ISU TOA MASJID YANG DIBANDINGKAN DENGAN
GONGGONGAN ANJING
Adzan merupakan seruan yang dikumandangkan oleh muazir dari masjid untuk memanggil umat muslim sebagai penanda bahwa sudah memasuki waktu pelaksanaan shalat subuh, dzuhur, ashar, magrib, dan isya. Suara adzan umunya ditujukan untuk umat muslim untuk bersiap-siap ke masjid ataupun mushola untuk melaksanakan shalat secara berjamaah.
Peristiwa adanya isu toa masjid yang dibandingkan dengan gonggongan anjing ini dimulai dari oknum Menteri Agama yaitu Yaqut Cholil Qoumas beliau menyampaikan dalam sebuah acara di Pekanbaru (23/2/2022), menurutnya suara adzan yang didengarkan semua orang harus diatur dengan baik agar tidak mengganggu orang lain. Pernyataannya Menag lantas mencontohkan bahwa suara bising itu dengan suara gonggngan anjing. Beliau menyebut bahwa suara gonggongan anjing yang dilakukan secara bersamaan sudah pasti akan menganggu orang lain.
Yaqut Cholil Qoumas meminta suara Toa masid/mushola diatur maksimal 100 dB (Desibel). Begitupun saat waktu pengumandangan juga disesuaikan setiap waktu sebelum azan. "Tetapi ini harus diatur bagaimana volume speaker tidak boleh kencang-kencang, 100 dB maksimal. Diatur kapan mereka bisa mulai gunakan speaker itu sebelum dan setelah azan. Tidak ada pelarangan," kata Yaqut.
Yang kita ketahui saat ini naytanya waktu shalat fardhu di Indonesia jamnya sama mungkin berbeda hanya beberapa menit saja karena kita berada di Waktu Indonesia Bagian Barat. Selain itu, suara adzan memang harus ditinggikan tapi dengan suara yang merdu. Hal ini menuai banyak kontroversi dari berbagai pihak termasuk Majelis Ulama Indonesia dan Roy Suryo. Ketua Umum PA 212 Slamet Maarif menyikapi Menag telah berbuat ceroboh terkait pernyataan aturan pengeras suara dan gonggongan anjing. Slamet menyebut seharusnya Menag dapat mengambil pemisalan yang lain. Selain itu, Roy Suryo melaporkan pernyataan Menteri Agama (Menag) Yaqut Cholil Qoumas atas dugaan kasus penodaan agama.
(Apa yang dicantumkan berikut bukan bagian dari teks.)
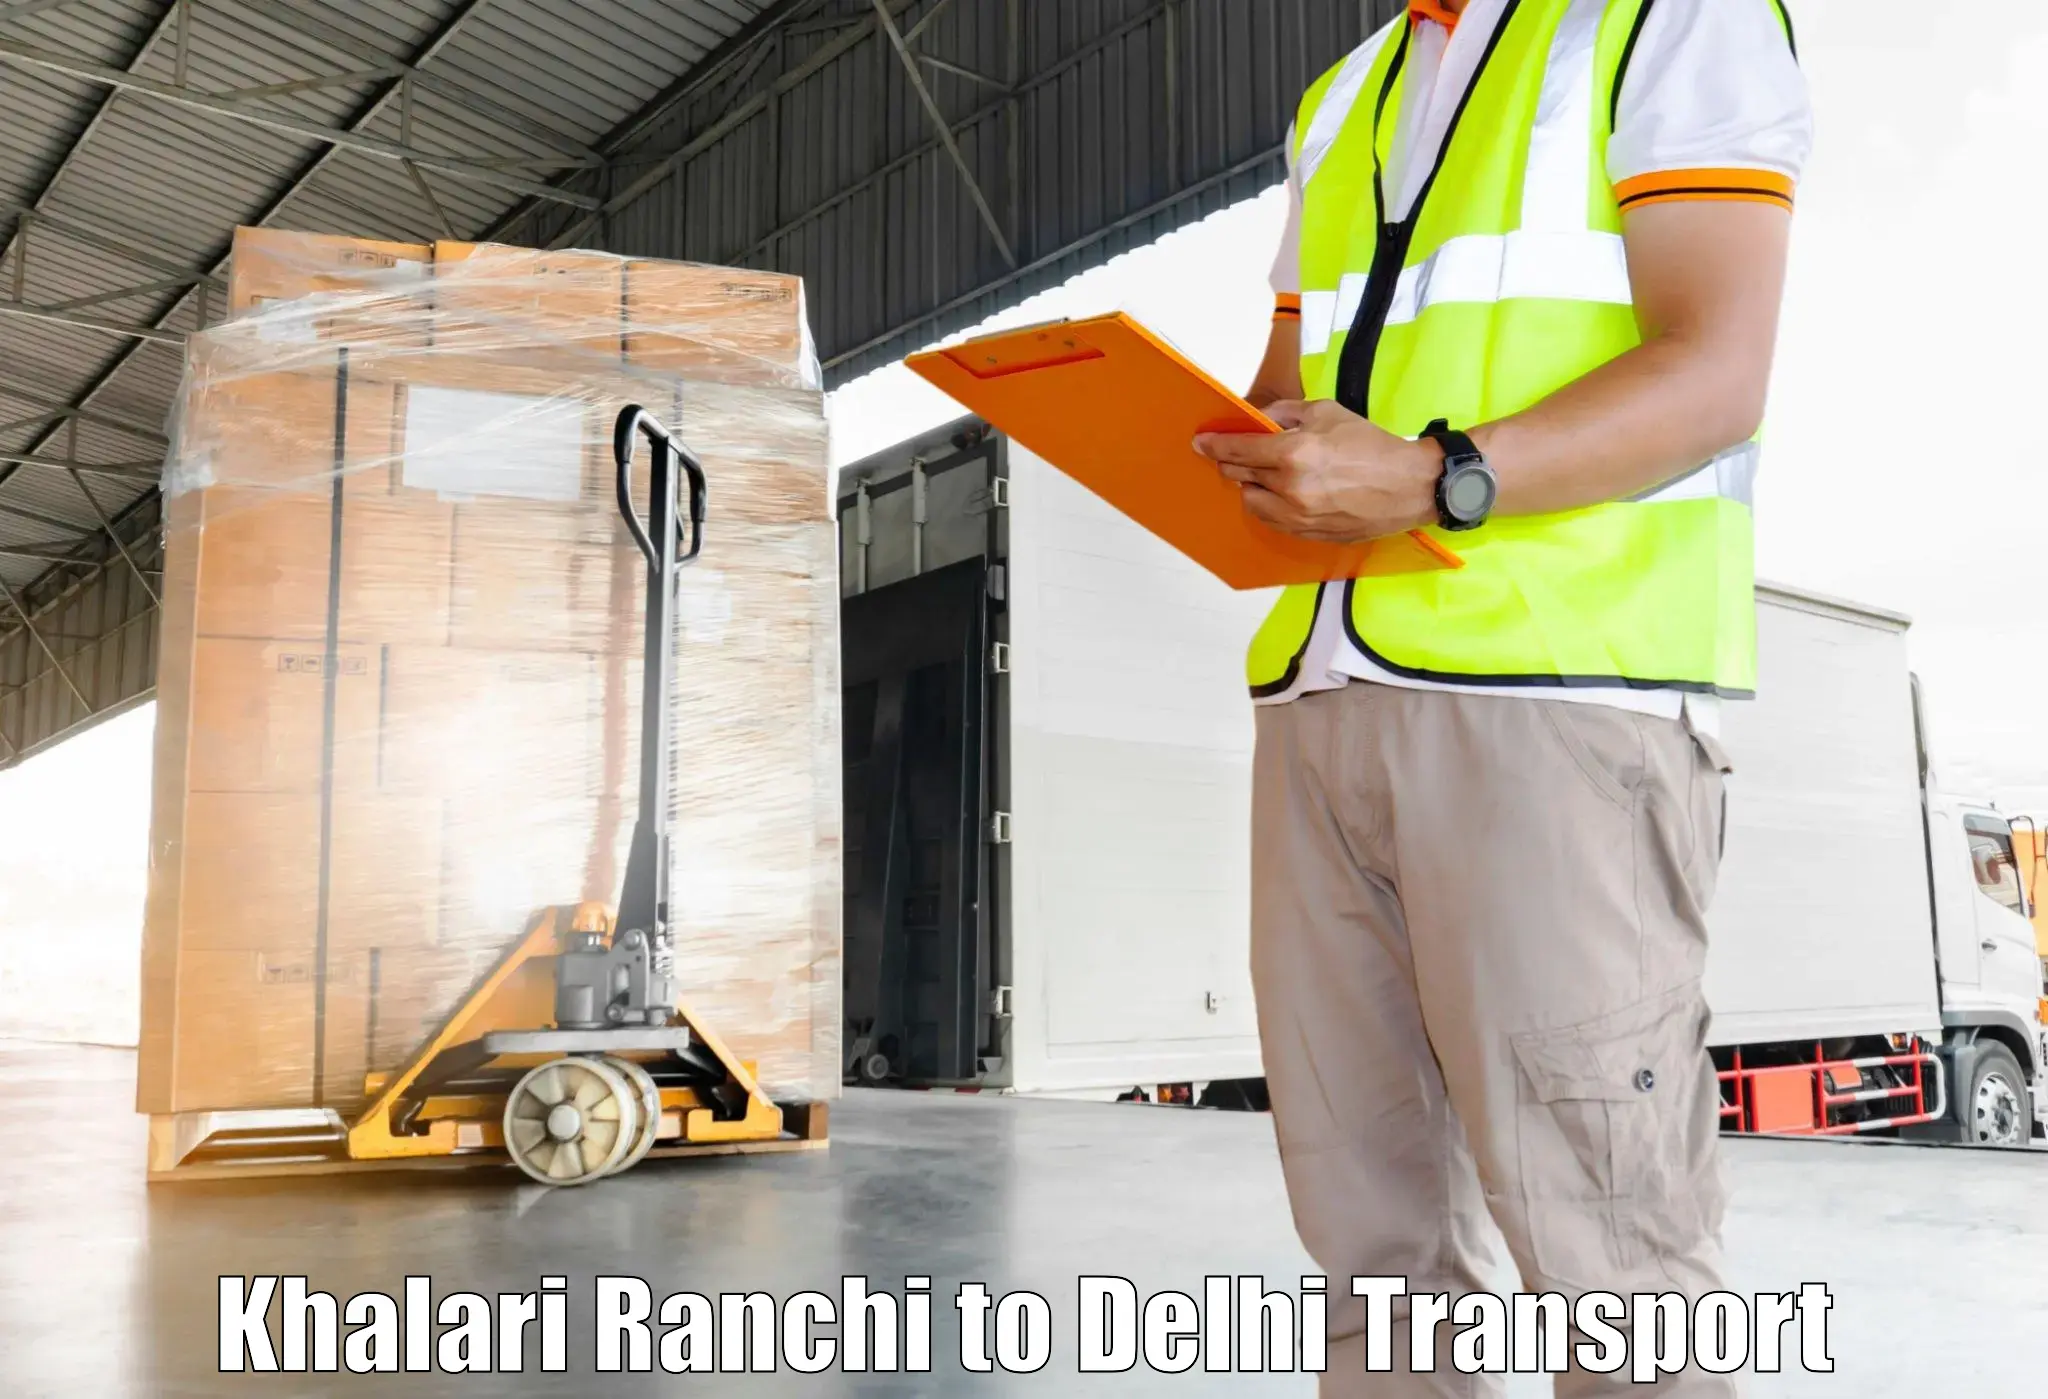 Air cargo transport services Khalari Ranchi to Delhi

Dasar Hukum Intruksi Direktur Jenderal Bimbingan Masyarakat Islam Nomor KEP/D/101/1978 tentang Tuntunan Penggunaan Pengeras Suara di Masjid, Langgar, dan Mushalla (Instruksi Dirjen Bimas 101/1978). Tetapi masalahnya disini yaitu pernyataan Yaqut suara adzan yang disamakan dengan suara gnggongan suara anjing sehingga menimbulkan ketidaknyamanan bagi masyarakat yang tinggal di dekat masjid/mushola.
"Kita bayangkan lagi, saya muslim, saya hidup di lingkungan nonmuslim. Kemudian rumah ibadah saudara-saudara kita nonmuslim menghidupkan Toa sehari lima kali dengan kenceng-kenceng, itu rasanya bagaimana," ucap Yaqut.
Bunyi adzan adalah lafal Allah “Allaahu Akbar, Allaahu Akbar” yang terganggu dengan lafal Allah itu setan, maka orang yang terganggu mendengar suara adzan ia musti diruqyah. Namun, kebanyakan dari kalangan masyarakat baik muslim dan non muslim mendengar berita ini respon mereka adalah tidak setuju dengan pernyataan Yaqut Cholil Qoumas umat muslim bertanggapan bahwa adzan memang seharusnya dan sepantasnya dikumndangkan secara keras dan merdu sebagai penanda bahwa itu sudah memasuki waktu shalat. Selain itu, tanggapan dari umat non muslim juga tidak setuju umat non muslim meninggikan toleransi dalam menanggapi masalah ini dan kebanyakan juga dari mereka saat mendengar suara adzan tidak terganggu sama sekali malah mereka merasa tenang ketika mendengar suara adzan.